Even with state-of-the-art automatic methods at hand, experienced human inspection residue-by-residue remains the best way to judge the quality of a structure, highlighting the continuing need for expert structure solvers. Given the flood of new SARS-CoV-2 structures, resources have not permitted us to check all structures manually. Therefore, we have selected several representative structures to give a residue-by-residue inspection by our expert structure solvers. The structures that have been reprocessed manually can be found here [link].
The most important information about any single structure is gathered in the README.md in each PDB entry directory. Online users can directly visualise the reports in the browser.
An overall description is provided by our structural/molecular biology specialists based on the deposition report as well as the relative literature of the structure entry. The description includes the general function of the protein, the intended purpose of solving such a structure, the potential binding ligands and conclusions (if any) one can acquire from the model.

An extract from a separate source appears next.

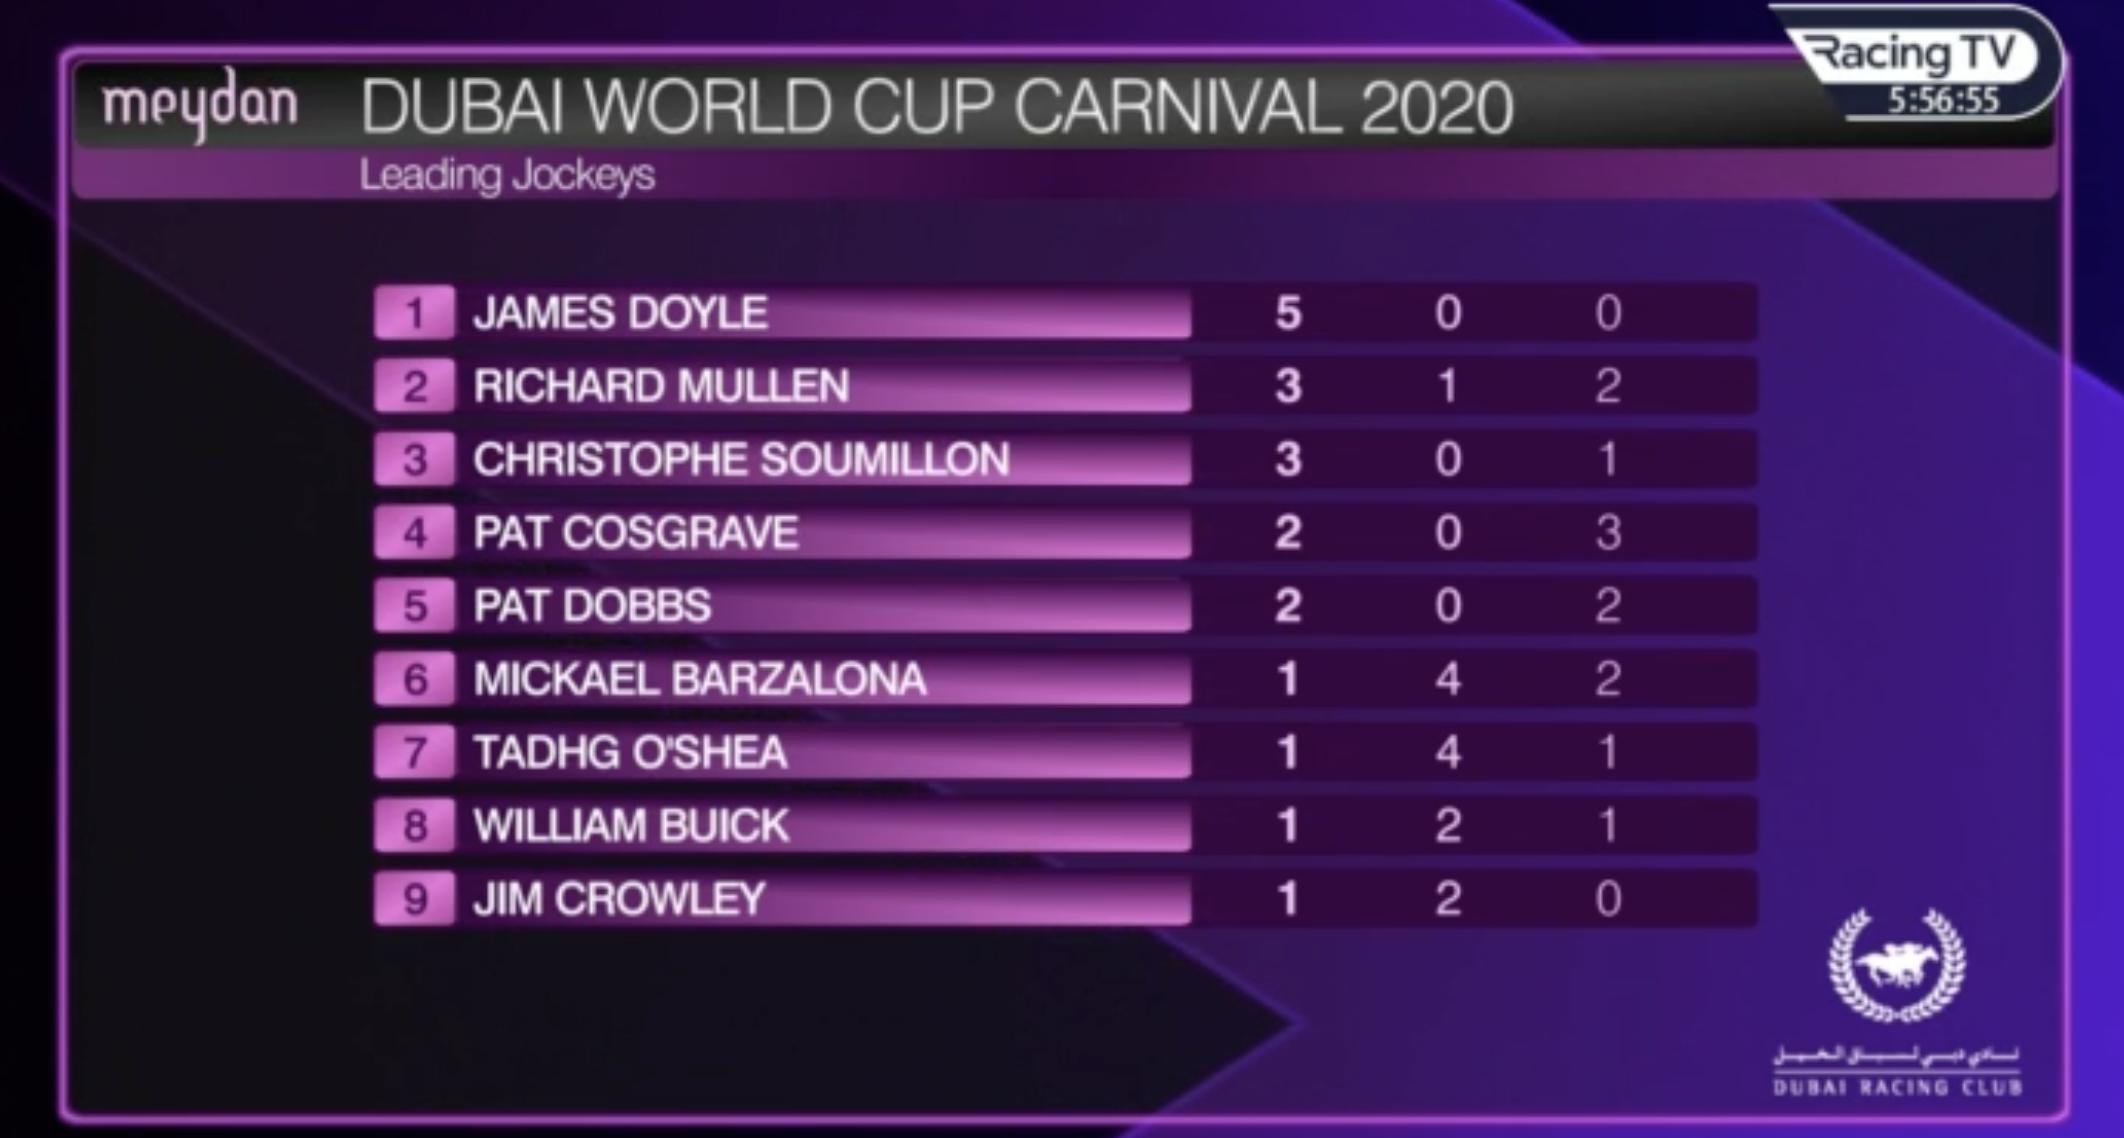 Top Jockeys after week four of the Dubai Carnival

If the raw data (diffraction images for X-ray diffraction data, primary maps for cryo-em data) are available from dedicated databases, a link will be provided.
A data summary is generated to give an overview on the results of the automatic validation which includes data quality, model quality, geometric scores and AUSPEX pathologies.
Other useful links such as to the PDBe knowledge base or the 3D bionotes structural viewer are also included.